··· INPUT

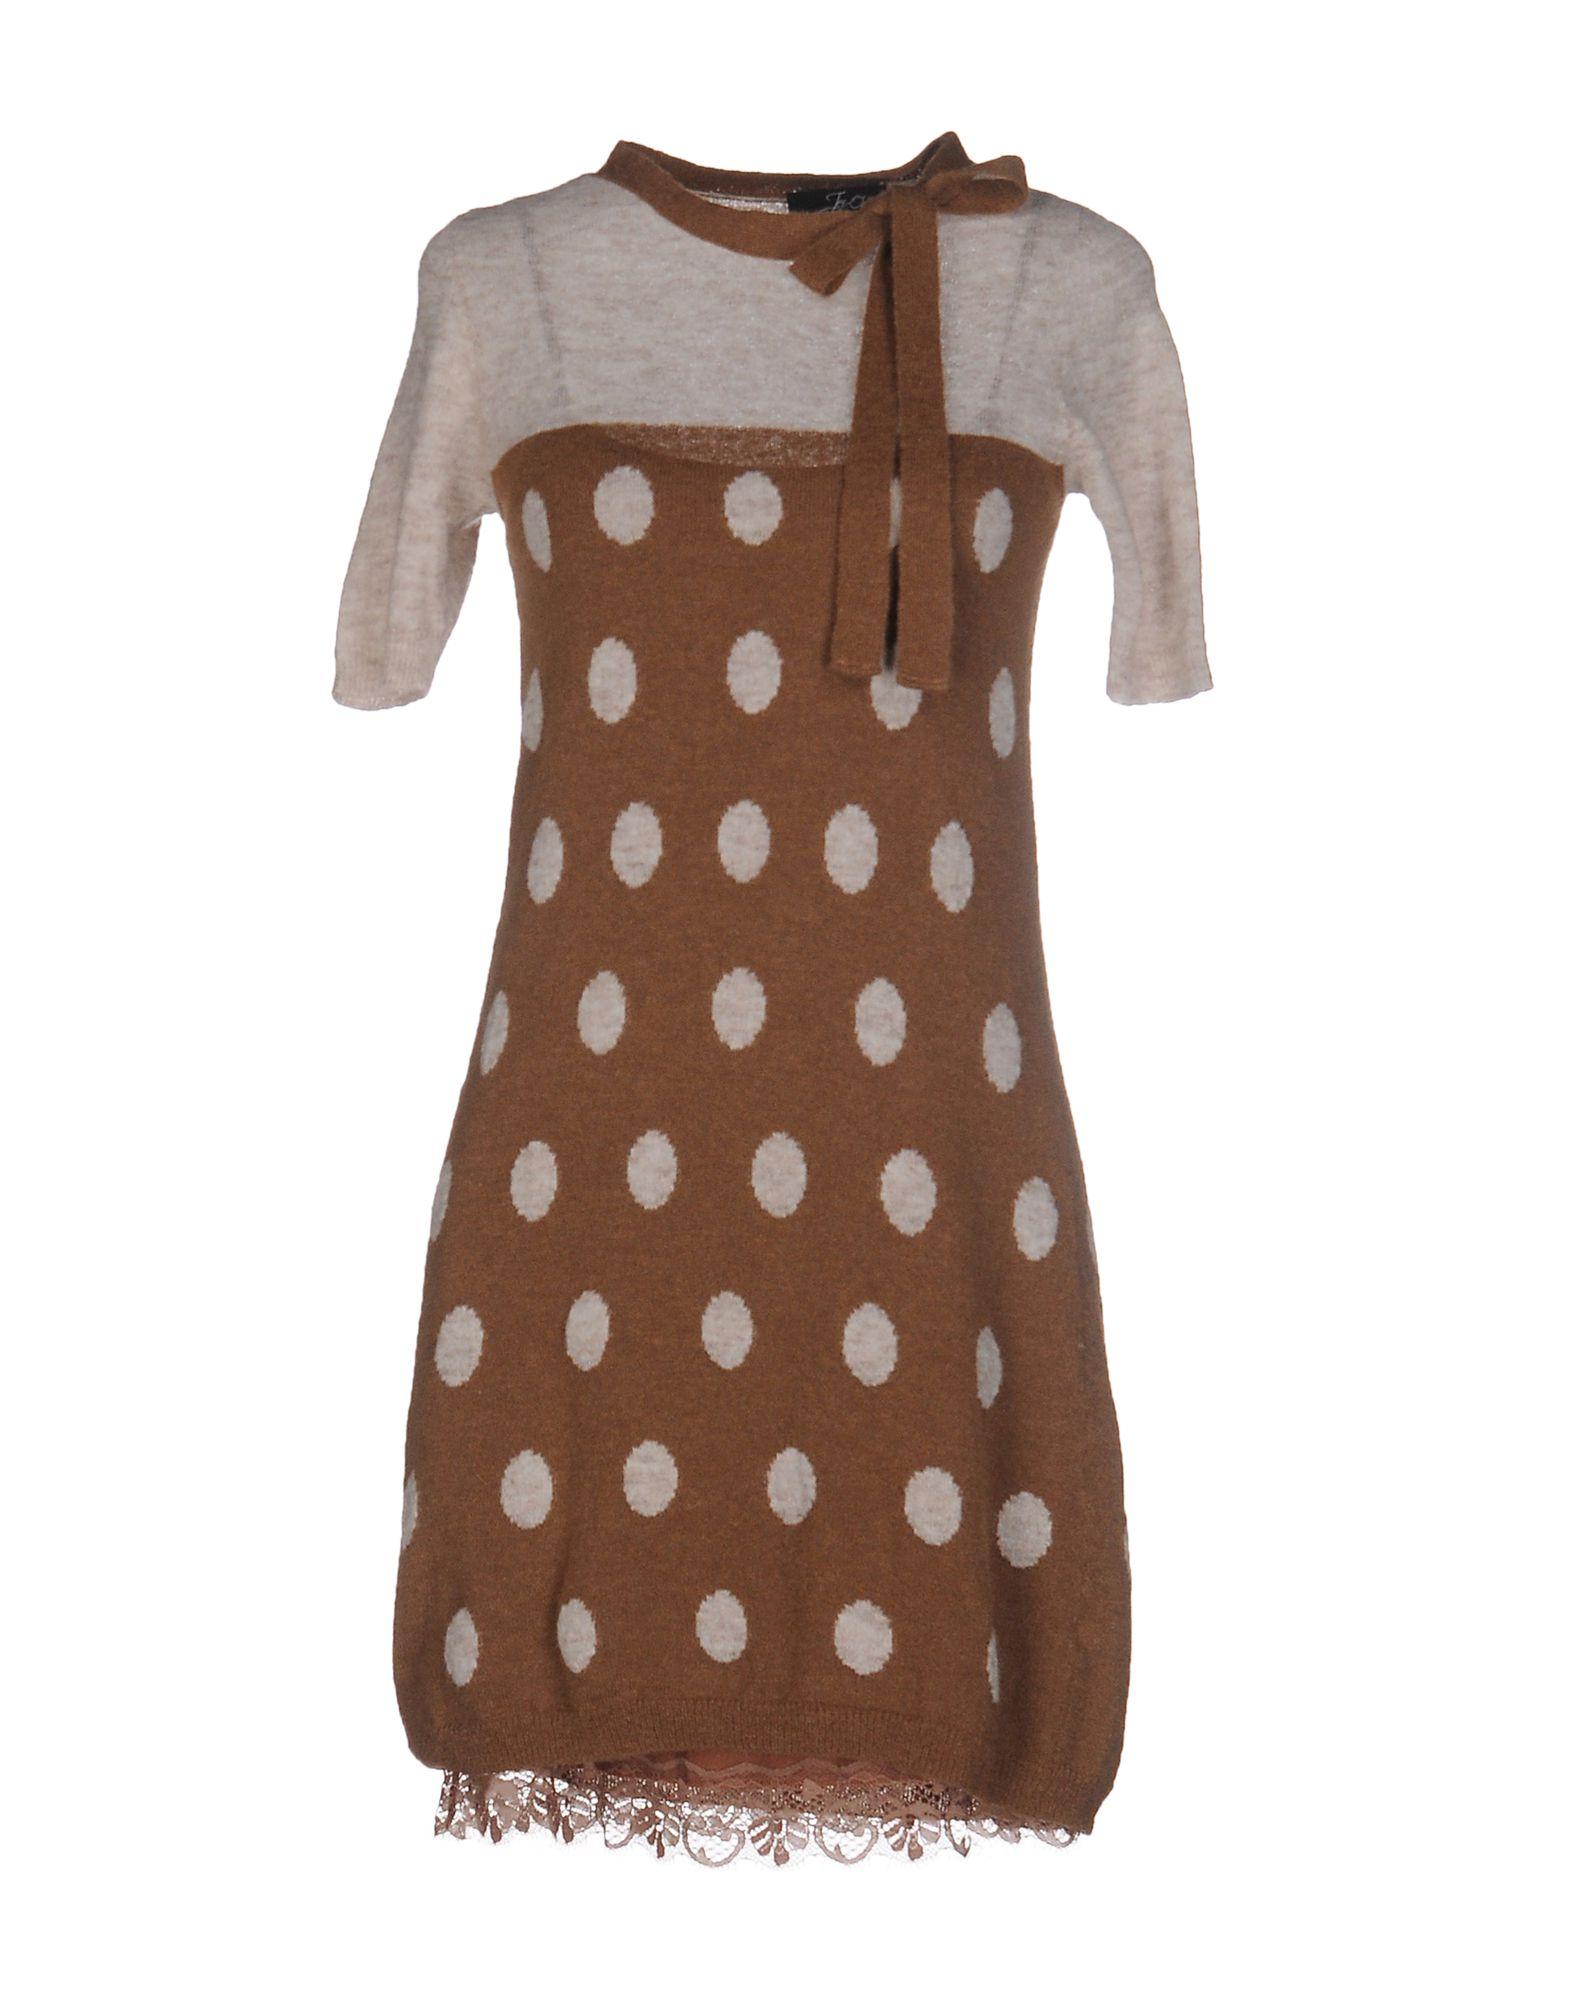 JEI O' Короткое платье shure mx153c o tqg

······
··· INPUT

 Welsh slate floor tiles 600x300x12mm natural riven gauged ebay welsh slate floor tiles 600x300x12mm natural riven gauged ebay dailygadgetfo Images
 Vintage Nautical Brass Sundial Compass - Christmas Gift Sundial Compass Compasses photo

······

#### [WORK TO COMPLETE]
From the records above, quote only the lines running from the line with "ebay dailygadgetfo Images" to the line with "Vintage Nautical Brass", both lines included.

#### [ANSWER FOR THE TASK]
 Welsh slate floor tiles 600x300x12mm natural riven gauged ebay welsh slate floor tiles 600x300x12mm natural riven gauged ebay dailygadgetfo Images
 Vintage Nautical Brass Sundial Compass - Christmas Gift Sundial Compass Compasses photo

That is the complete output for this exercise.